I did take him away, for I knew the sensation and its danger well. It has nothing to do with physical giddiness. Those who are cliff-bred, and who never were giddy for an instant in their lives, have often felt themselves impelled to leap from masts, and tree-tops, and cliffs; and nothing but the most violent effort of will could break the fascination. I cannot but think, by the bye, that many a puzzling suicide might be traced to this same emotion acting on a weak and morbid brain.

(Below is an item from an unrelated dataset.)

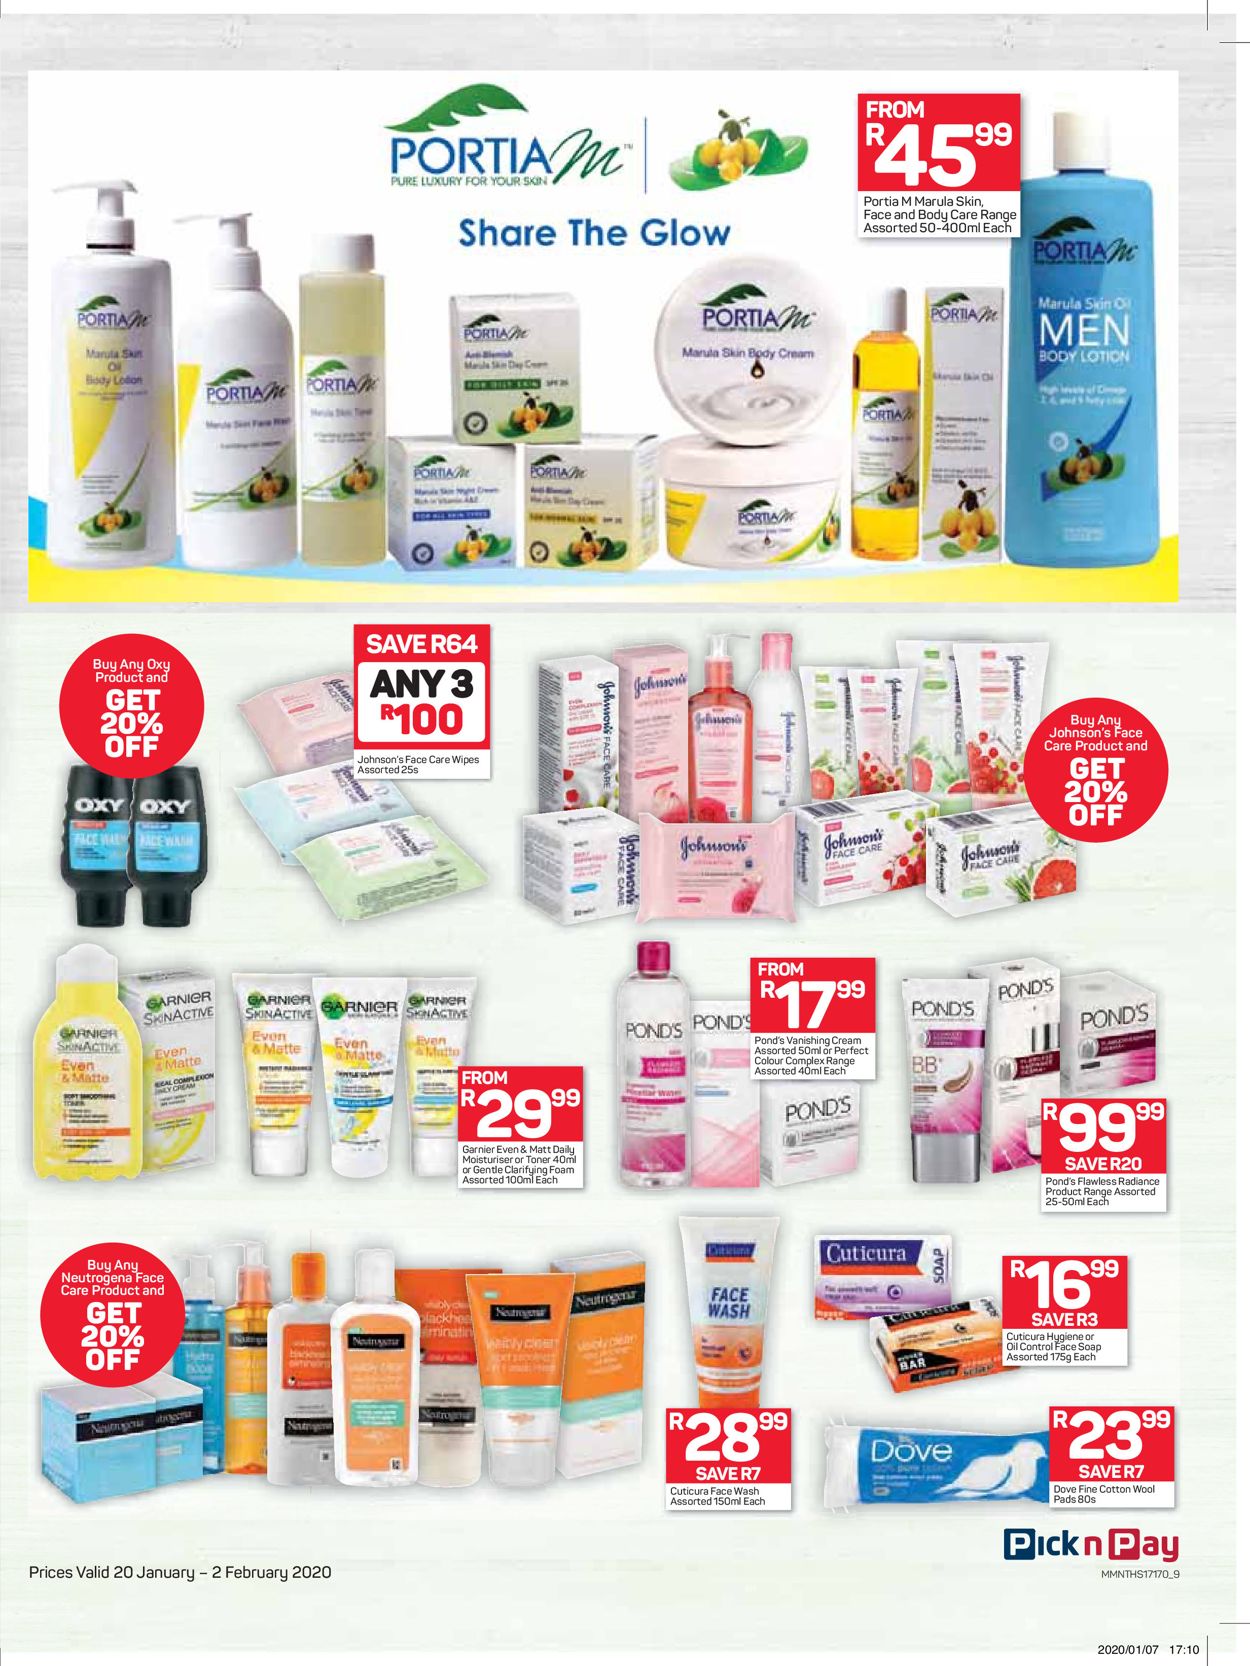 Pick n Pay Catalogue - 2020/01/20-2020/02/02 (Page 10)

We returned to the little landing cove. The red-sailed cutter lay sleeping below us—‘floating double, ship and shadow.’ Shoals of innumerable mackerel broke up, making acres of water foam and sparkle round their silvery sides, with a soft roar (call it ‘a bull’ if you like, it is the only expression for that mysterious sound), while among them the black head of a huge seal was slowly and silently appearing and vanishing, as he got his dinner, in a quiet business-like way, among the unhappy wanderers.
We put off in the boat, and just halfway from the cutter Claude gave a start, and the women a scream, as the enormous brute quietly raised his head and shoulders out of the water ten yards off, with a fish kicking in his mouth, and the water running off his nose, to take a deliberate stare at us, after the fashion of seals, whose ruling passion is curiosity. The sound of a musical instrument, the sight of a man bathing—anything, in short, which their small wits cannot explain at first sight, is enough to make them forget all their cunning, and thrust their heads suicidally into any danger; and even so it fared with the ‘black man,’ as the girls, in their first terror, declared him to be. Some fellow’s gun went off—of itself I should like to believe—but the whole charge disappeared into his sleek round visage, knocking the mackerel from between his teeth; and he turned over, a seven-foot lump of lifeless blubber.
‘Wretch!’ cried Claude, as we dragged the seal into the boat, where he lay with his head and arms hanging helplessly over the bows, like a sea-sick alderman on board a Margate steamer. ‘What excuse can he give for such a piece of wanton cruelty?’
‘I assure you his skin and oil are very valuable.’
‘Pish!—Was he thinking of skin and oil when he pulled the trigger? or merely obeying the fleshly lust of destructiveness—the puppet of two bumps on the back of his head?’
‘My dear Claude, man is the microcosm; and as the highest animal, the ideal type of the mammalia, he, like all true types, comprises in himself the attributes of all lower species. Therefore he must have a tiger-vein in him, my dear Claude, as well as a beaver-vein and a spider-vein; and no more shame to him. You are a butterfly; that good fellow a beast of prey; both may have their own work to do in this age just as they had in the old ones; and if you do not like that explanation, all I can say is, I can sympathise with you and with him too. Homo sum—humani nihil a me alienum puto. Trim the boat, lads, or the seal will swamp us, and, like Samson, slay more in his death than ever he slew in his life.’
We slipped on homeward. The cliff-wall of Lundy stood out blacker and blacker every moment against the gay western sky; greens, greys, and purples, dyeing together into one deep rich monotone, for which our narrow colour-vocabulary has no word; and threw a long cold shadow towards us across the golden sea; suddenly above its dark ridge a wild wreath of low rack caught the rays of the setting sun, and flamed up like a volcano towards the dun and purple canopy of upper clouds. Before us the blue sea and the blue land-line were fading into mournful grey, on which one huge West Indiaman blazed out, orange and scarlet, her crowded canvas all a-flame from the truck to the water’s edge.—A few moments and she, too, had vanished into the grey twilight, and a chill night-wind crisped the sea. It was a relief to hear the Evening Hymn rise rich and full from one voice, and then another and another, till the men chimed in one by one, and the whole cutter, from stem to stern, breathed up its melody into the silent night.
But the hymn soon flagged—there was more mirth on board than could vent itself in old Charles Wesley’s words; and one began to hum a song tune, and then another, with a side glance at the expression of the Lady Abbess’s face, till at last, when a fair wife took courage, and burst out with full pipe into ‘The sea, the sea,’ the ice was fairly broken; and among jests and laughter one merry harmless song after another rang out, many of them, to Claude’s surprise, fashionable London ones, which sounded strangely enough out there on the wild western sea. At last—‘Claude, friend,’ I whispered, ‘you must sing your share too—and mine also, for that matter.’